Stumpfest 2014: An Interview with High Priestess Rynne Stump

Take a glance at the lineup for Portland's Stumpfest 2014 and it's difficult to make sense of how such a staggering three-day bill came together. Spend just moments speaking with the event's founder and organizer, Rynne Stump, and it's immediately evident how easily she can pull off such impressively heavy company. Words like friends, magic, and love dominate her vernacular more than fans or money, and a disarmingly genuine nature bleeds through each sentence.  Heavy Planet enjoyed an opportunity to gush as Rynne opened up about the annually-expanding Stumpfest and its past, its future, and its purpose.

Heavy Planet: This is the third year for Stumpfest, right?

Rynne Stump: Yep, third year!

HP: What are some of the origins of the festival?

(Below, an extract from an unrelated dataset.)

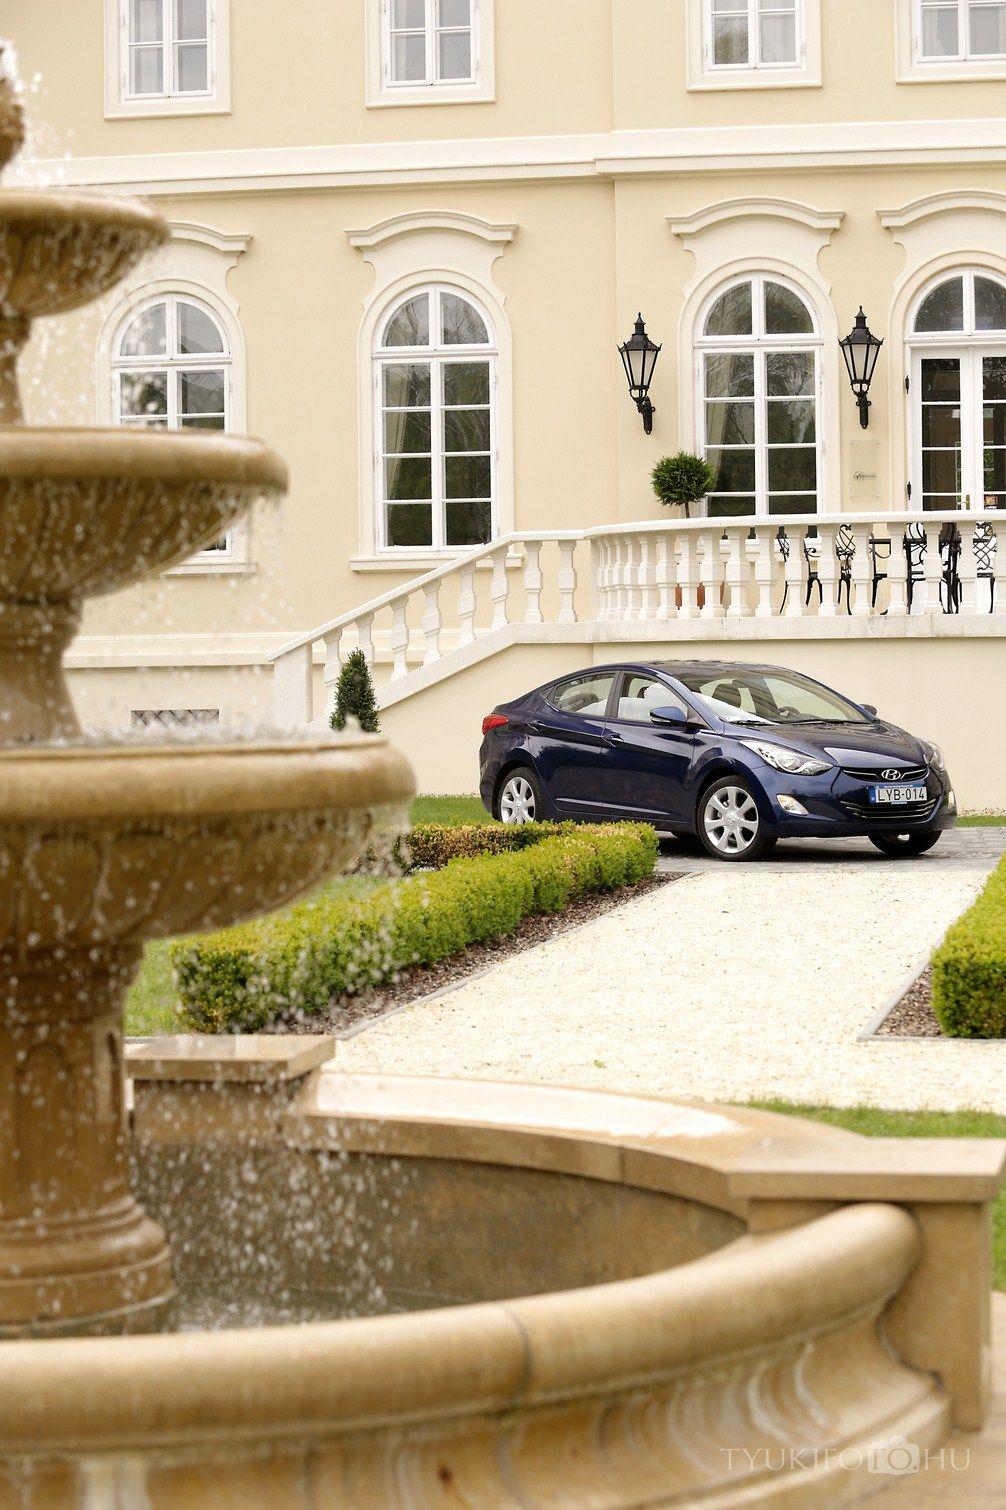 Hyundai Elantra Hyundai elantra, House styles, Elantra

RS: It just kind of came to me. I used to do booking in Portland and I did production there with my best friend, Chantelle Hylton, back in the early 2000's. And I used to do my own little shows around town. I guess the origins would be from that and moving to L.A. and not really having much of a scene down here. Some people could argue that with me, but I've lived here ten years and if you wanna go to a heavy show you've gotta drive to Pomona or somewhere on God's green Earth out there. A lot of my friends I met in Portland who do play in heavy bands, they'll come stay at my house when they're in town but usually they don't have a good venue to play down here. So a couple years back, YOB was doing their first stint out with Tool and I asked them on the last show, "What if I had a festival? Would you guys play it? If I booked a gig up in Portland, would you guys headline?" And Mike (Scheidt) was like "Absolutely!" And I thought, Well how cool would THIS be? Do a show every year with my friends, bands that I like, bands that I don't get to see. Maybe my friends from down here come and play up there, we'll just get everybody connected. So really it was just the idea of bringing my friends together and actually getting to see all these amazing bands that I'm missing living in Los Angeles. That's probably not a very nice answer, but it's the truth! [laughs]

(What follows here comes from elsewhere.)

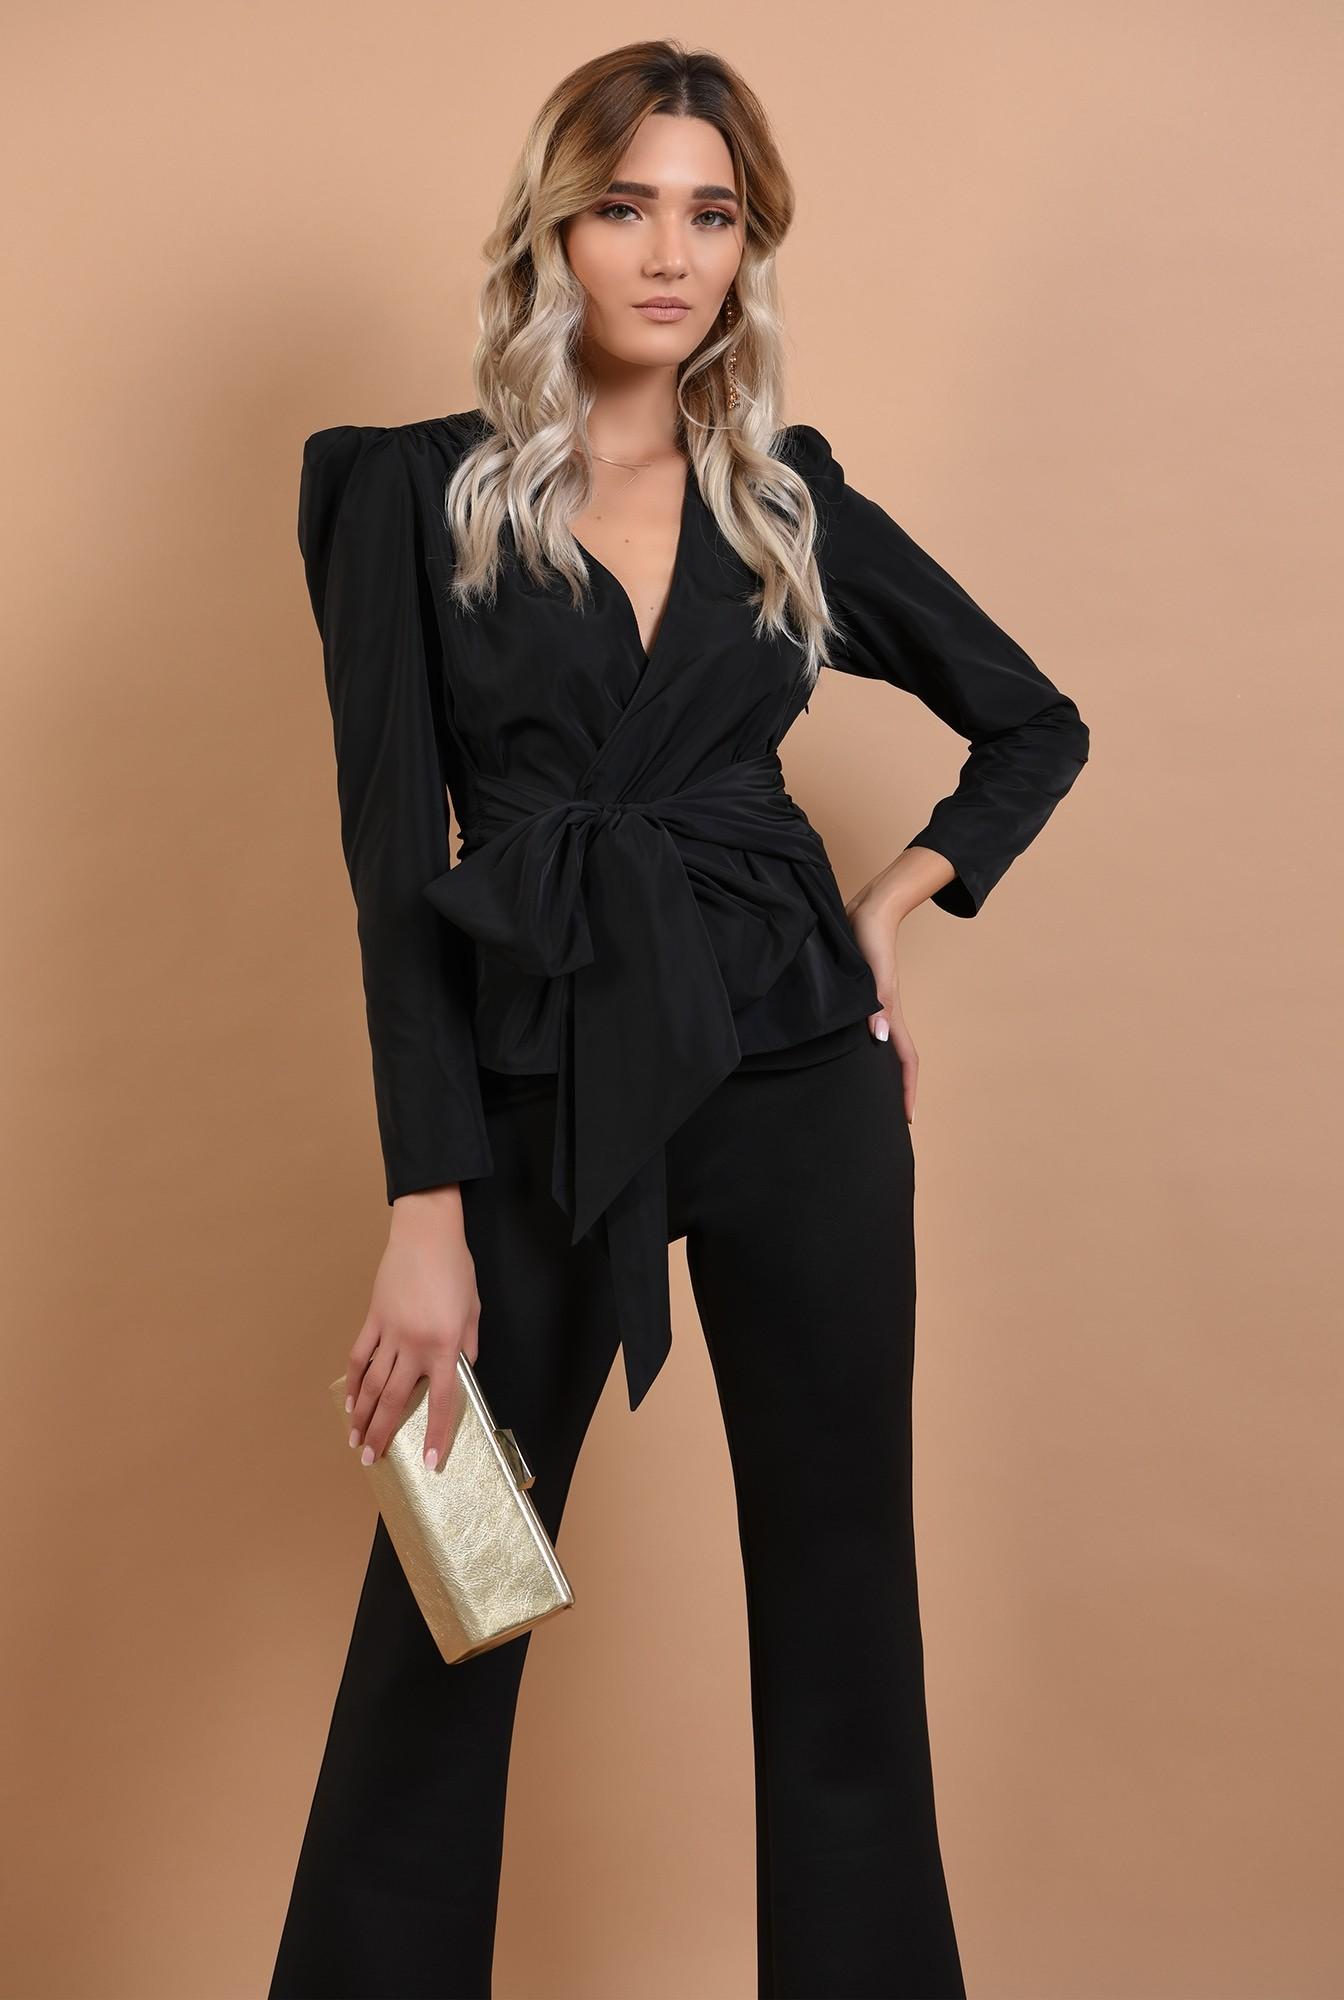 0 - bluza eleganta, neagra, cambrata, cu funda la talie, cret la umeri

HP: 2012 was one night, 2013 spanned a weekend, and this year's three day lineup is fucking killer! How big is this thing gonna get?

RS: I don't know! This year I was like, Maybe we'll go back to one night. Then I just had an outpouring of requests from bands that I really love, bands that played the first two years and I can't say no to. They're my brothers. The Rieseberg's in Norska, my best friend Mark (Bassett) in Diesto...  "Of course you guys are gonna play because I wanna see you! I never get to see you!" So aside of that, Ancient Warlocks came outta the woods and I love them, I love their record. Bands like Drunk Dad, who I just got turned onto a couple months back. I wanna see them, y'know?! One of my friends from elementary school, Kevin Spafford, is the drummer in Honduran. He sent me their album a while back and I was like "Oh my God, you guys have to play!" I got excited and I cast the net kinda broad and wide because bands like Trans Am, you don't know if they're gonna say yes or no. You don't know where they're at in their creative process. They haven't played shows in a while. The last time I saw them was actually at Mississippi Studios. A year and a half back they did a show for their record label, it was like an all day thing. They've been friends of mine for years, we worked together and booked them at Berbati's a long time ago. I reached out to those guys and it just so happened they finished their tenth record (Volume X) and they're lookin' for a show. The only thing was Sebastian (Thomson) is now drumming in Baroness. So I was like, "Can we get Seb out?" And Seb said "Yeah, we can do it." And he's gotta fly back for Moogfest in Asheville (NC) like the day after. They're friends and they wanna be a part of it and it's really exciting, but I had NO idea they would say yes. Red Fang, we were negotiating with them last year. Pretty much everyone that plays this knows me or is one degree away from a close friend.

Ancient Warlocks
HP: It seems so tightly knit, the entire thing...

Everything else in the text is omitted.